With its liquefied natural gas (LNG) plant delayed again and more foreign investment needed to introduce new technology to boost its Orinoco Heavy Oil Belt development, Venezuela is having to move slower on some of its larger developments.

In its latest move, Petroleos de Venezuela (PDVSA) signed a memorandum of understanding (MOU) with Russia on Oct. 7 under which Russia would lend Venezuela $4 billion for defense spending in exchange for access to both heavy crude oil onshore and natural gas fields offshore. Gazprom and Rosneft signed the MOU.

The MOU covers the possible creation of a joint venture to develop the Robalo gas field in the Gulf of Venezuela, according to Gazprom. PDVSA will supply the Russian company with proposals on the terms and conditions as well as geological information on the field. The MOU also covers negotiations on the project scheme, shareholding structure and other aspects related to the Robalo field development.

Rosneft will develop the Carabobo 2 Block in the Orinoco Belt as a minority partner with PDVSA. The Carabobo is the eastern most of four regions in the Orinoco. The other regions from east to west are Ayacucho, Junin and Boyaca.

Russian companies are also involved in the Junin 6 Block. PDVSA owns 60% and the remaining 40% is owned by a consortium of Rosneft, Surgutneftegaz, TNK-BP Holdings, Lukoil Holdings and Gazprom Neft. The block is scheduled to begin production in May 2012 at a rate of 50,000 barrels per day (b/d) from 34 wells. PDVSA estimates the field could produce up to 450,000 b/d.

The emphasis on natural gas development is focused on domestic needs. Currently, Venezuela imports about 200 million cubic feet per day (MMcf/d) from Colombia.

The same domestic demand for gas led to the cancellation at the end of September of the Mariscal Sucre LNG project that would have used gas either from the fields north of the Paria Peninsula or offshore in the Plataforma Deltana area south of Trinidad.

PDVSA said the LNG technology costs too much and the gas is needed for the domestic market. Venezuela has been talking about an LNG facility since the 1960s and is no closer to building a facility even with the huge gas reserves offshore eastern Venezuela.

The fields north of Paria contain an estimated 15 trillion cubic feet (Tcf). There are even more reserves in the Platforma Deltana area. Repsol and ENI have said the Cardon 4 offshore block in the latter area contains at least 15 Tcf.
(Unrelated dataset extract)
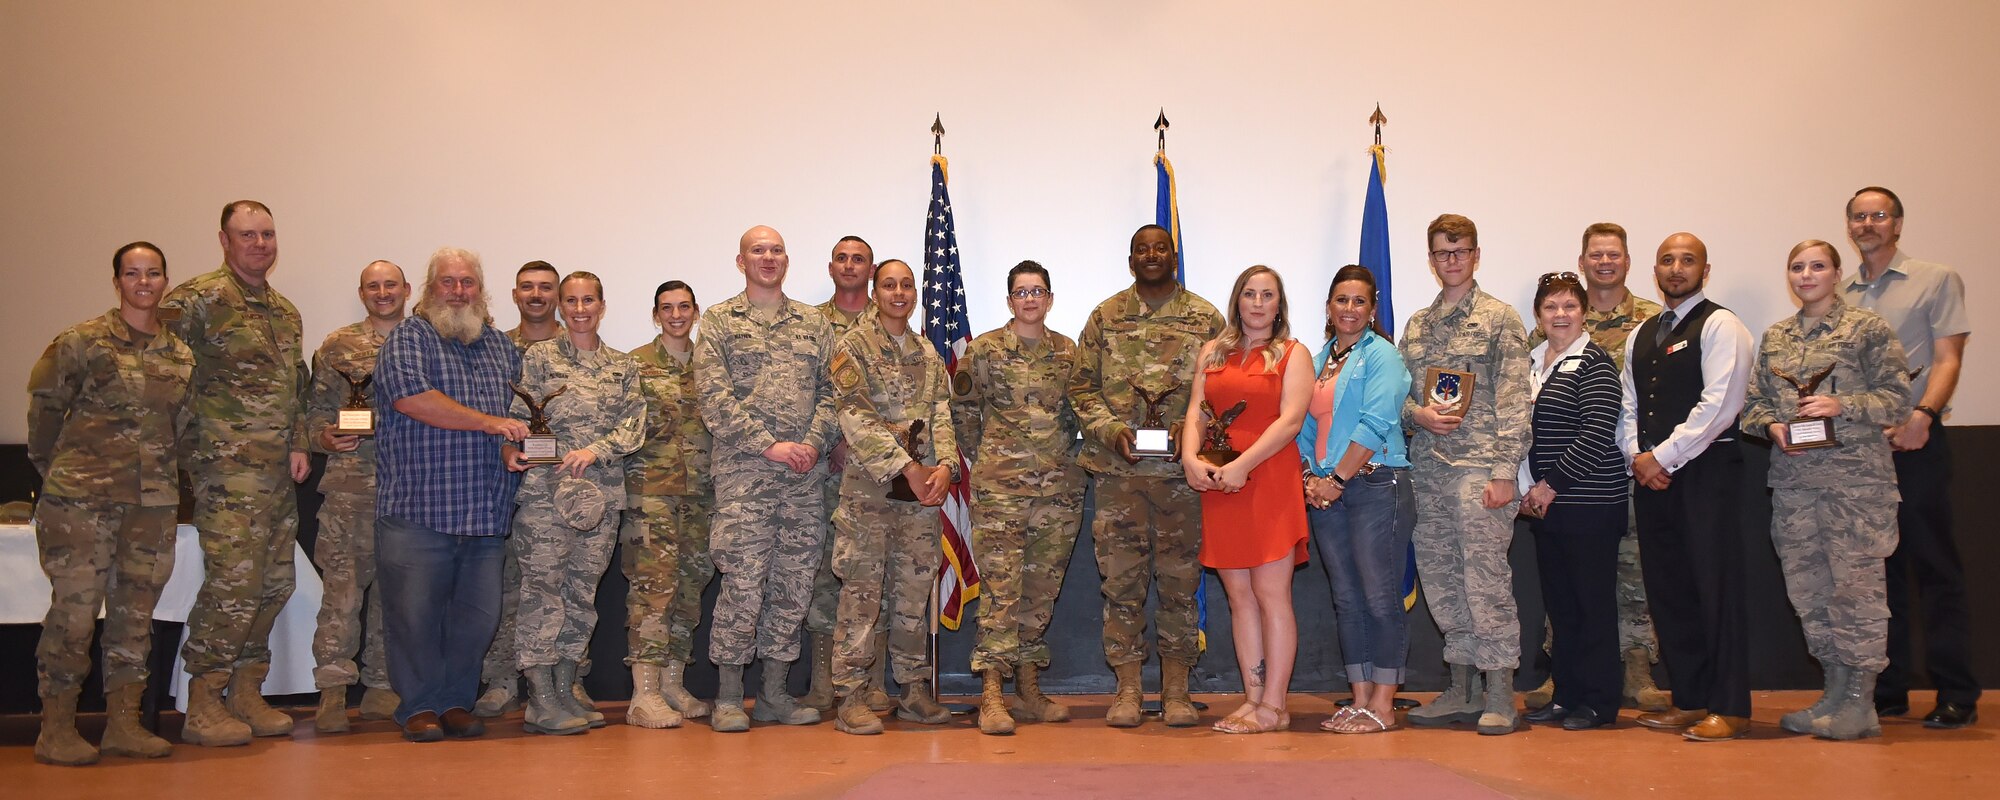 Col. Peter Bonetti, 90th Missile Wing commander, and Chief Master Sgt. Tiffany Bettisworth, 90th Missile Wing command chief, pose with the wing’s second quarter award winners at F.E. Warren Air Force Base, Wyo., Aug. 2, 2019. The wing held a celebration for all the nominees and presented the awards to the winners during a ceremony. (U.S. Air Force photo by Glenn S. Robertson)

Chevron is scheduled to begin gas production from its Plataforma Deltana block in 2013. The license calls for the company to deliver the gas to an LNG plant. The company said it had not been notified of any changes in the license.

Chevron is one of the anomalies in the Venezuelan oil industry – the only U.S. major oil company operating in the country. Not only is it involved in the offshore natural gas development, the company also has a heavy oil project in the Orinoco.

Venezuela is pinning its expectations for increased oil production on the Orinoco. The government would like to increase the output by 2.0 million b/d by 2020.

The Orinoco Belt could hold as much as 1.0 trillion barrels of heavy crude. However, developing the resource will be expensive. The crude is around 8° to 9° API gravity. Most refiners are unwilling to use such heavy crude. However, upgrading facilities in Venezuela can improve the crude to between 16° and 32° API.

Most of the crude is produced using diluents to thin the oil rather than heat. In order to boost production, gas-fired steam may be needed, which will increase demand for natural gas.

EIA estimated that the country produced around 2.36 million b/d of oil in 2010. Crude oil represented 2.09 million b/d of this total, with condensates, natural gas liquids (NGLs) accounting for the remaining production.

Venezuela contains billions of barrels in extra-heavy crude oil and bitumen deposits, most of which are situated in the Orinoco Belt in central Venezuela. According to a study released by the U.S. Geological Survey, the mean estimate of recoverable oil resources from the Orinoco Belt is 513 billion barrels of crude oil.

PDVSA began its Magna Reserva project in 2005 that divided the Orinoco Belt into 27 blocks and quantified the reserves in place. This initiative resulted in the upgrading of Venezuelan reserve estimates by more than 100 billion barrels, according to EIA.

Industry estimates place operating projects’ production levels at less than 500,000 b/d. Venezuela plans to further develop the Orinoco Belt in the coming years will require considerable technical and financial support.

In 2009, Venezuela signed bilateral agreements for the development of four major blocks in the Junin area. The following year, the country awarded two more major development licenses in the Carabobo region, EIA noted.

However, the political uncertainty in Venezuela has curtailed foreign investment in the country. Russia, China and Vietnam are some of the most recent countries showing an interest.

As the EIA noted, “given recent regulatory and operational problems, considerable uncertainty surrounds the future of Orinoco production.”